Neymar e o Goku cravado no corpo
Neymar já foi desenhado por Yoichi Takahashi, o criador de Super Campeões. Takahashi fez artes oficiais do astro brasileiro com o traço clássico do anime.

O camisa 10 brasileiro selou de vez a sua conexão com a cultura pop nipônica ao fechar as costas com tatuagens de super-heróis. Bem no meio de suas costas, há uma imagem enorme e detalhada do Goku em sua versão Super Sayajin.

Será que a profecia de Tsubasa se cumprirá?
Se a realidade demorou a proporcionar esse jogo em um mata-mata de Copa do Mundo — já que em 2018 o Japão quase cruzou nosso caminho na Rússia, mas caiu para a Bélgica —, a ficção já havia escrito esse roteiro de forma cirúrgica.

O lendário anime Captain Tsubasa (o eterno Super Campeões) é a maior prova de amor do Japão ao futebol brasileiro. Na trama, o protagonista Oliver Tsubasa viaja ao Brasil para jogar nas categorias de base e no profissional do São Paulo Futebol Clube (rebatizado de Brancos no anime), sob a tutela do mentor Roberto Hongo.
E como termina a grande saga da vida de Tsubasa? No arco Rising Sun do mangá, o Japão enfrenta justamente a Seleção Brasileira na finalíssima dos Jogos Olímpicos de Madri.
No roteiro do criador Yoichi Takahashi, após uma batalha épica que vai para a prorrogação, o Japão vence o Brasil por 3 a 2 com um gol de bicicleta de Oliver Tsubasa. Nos desculpe, Takahashi. Desta vez não vai dar certo... Ao menos é isso que o torcedor brasileiro espera.
Espelho de Zico e a obsessão por Tóquio / Yokohama
Se no desenho eles nos venceram, na vida real o futebol japonês cresceu olhando para o Brasil como o grande mestre. A criação da J-League foi impulsionada por Zico, transformado em "Deus do Futebol" em Kashima.

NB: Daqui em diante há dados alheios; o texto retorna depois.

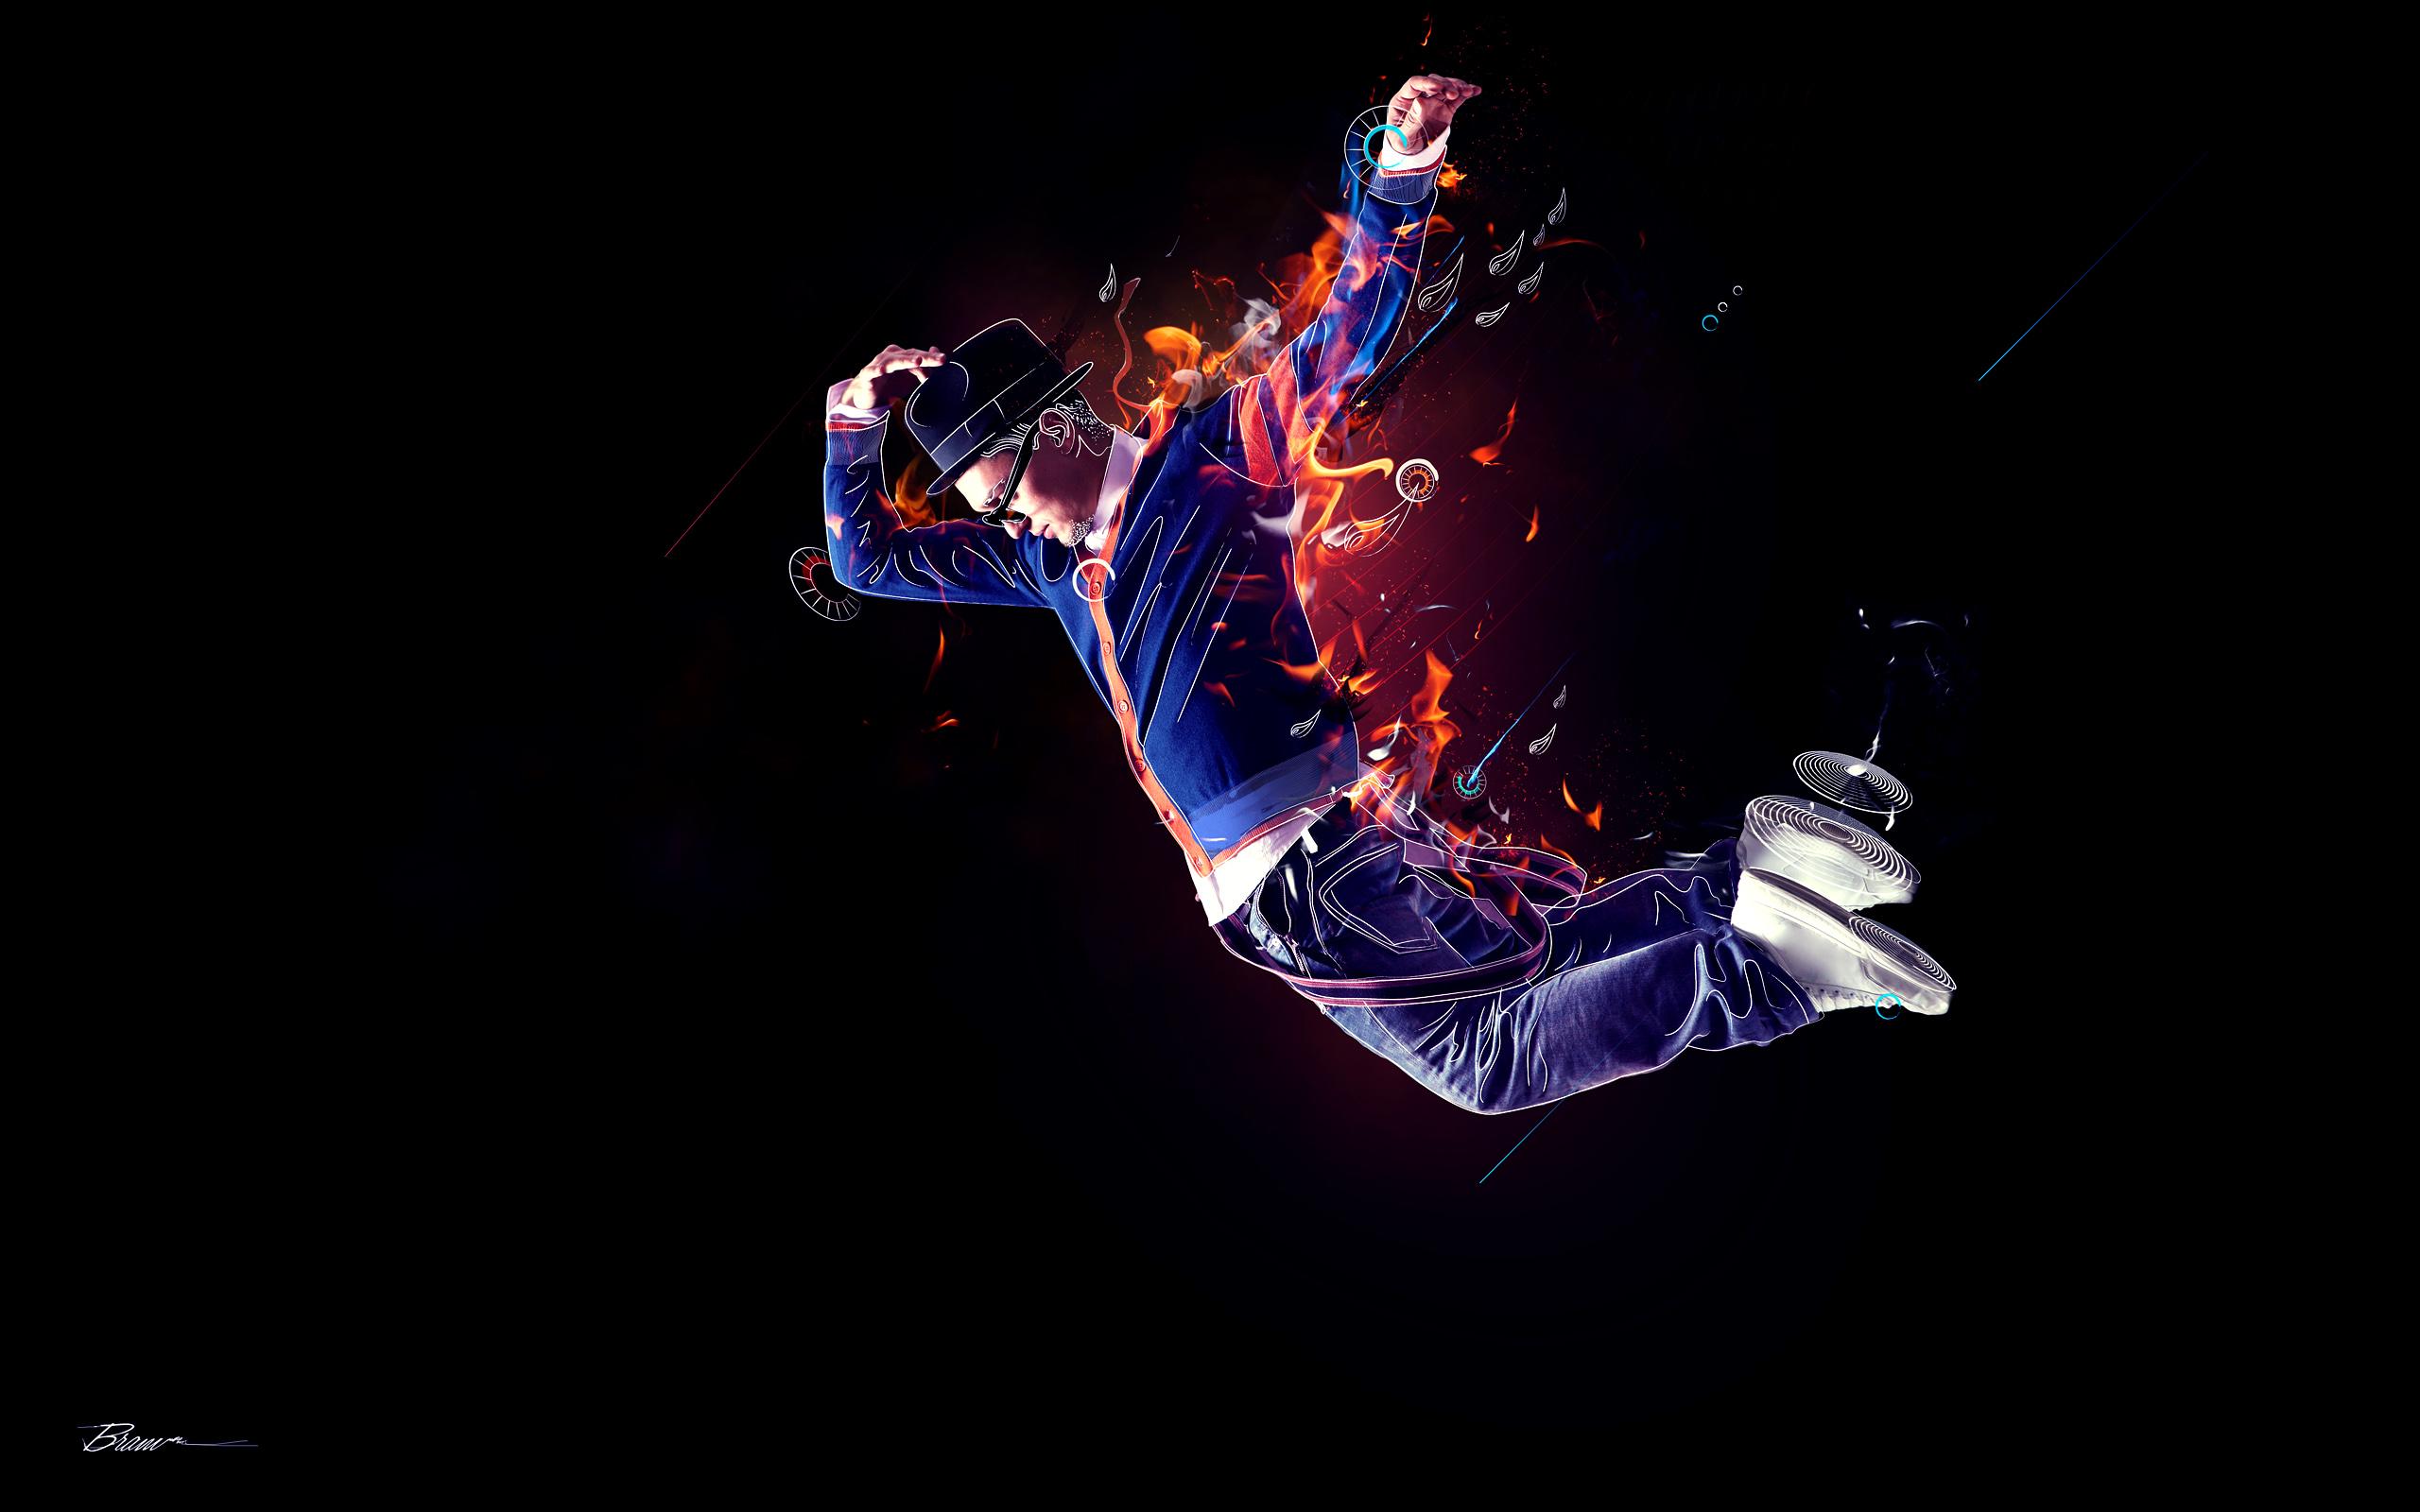 FireDancer wallpaper2560x1600 2560x1600

Para os clubes brasileiros, cruzar o mundo rumo a Tóquio ou Yokohama sempre foi o ápice da glória. O solo japonês coroou o Flamengo de Zico em 81, o Grêmio de Renato Gaúcho em 83, o São Paulo de Telê Santana no bicampeonato de 92/93, e a própria Seleção Brasileira no Pentacampeonato em 2002.
Ayrton Senna e o Japão
Se os gramados uniram os dois países, as pistas de Fórmula 1 selaram uma paixão mítica. Ayrton Senna era tratado como um verdadeiro semideus no Japão, uma idolatria impulsionada por sua parceria histórica com os motores da gigante japonesa Honda.
O circuito de Suzuka, palco onde Senna garantiu seus três títulos mundiais (1988, 1990 e 1991), tornou-se solo sagrado para o automobilismo nacional.
Até hoje, mais de três décadas depois, o carisma e o legado de Senna permanecem vivos na memória dos japoneses, servindo como uma das pontes afetivas mais bonitas e indestrutíveis entre o Brasil e a Terra do Sol Nascente.
O Japão sempre foi o palco dos nossos sonhos mais felizes. Que não seja, desta vez, dos nossos pesadelos...
A Copa do Mundo de 2026 será realizada de 11 de junho a 19 de julho nos Estados Unidos, Canadá e México. O torneio conta com 48 seleções, 104 jogos e será disputado em 16 estádios.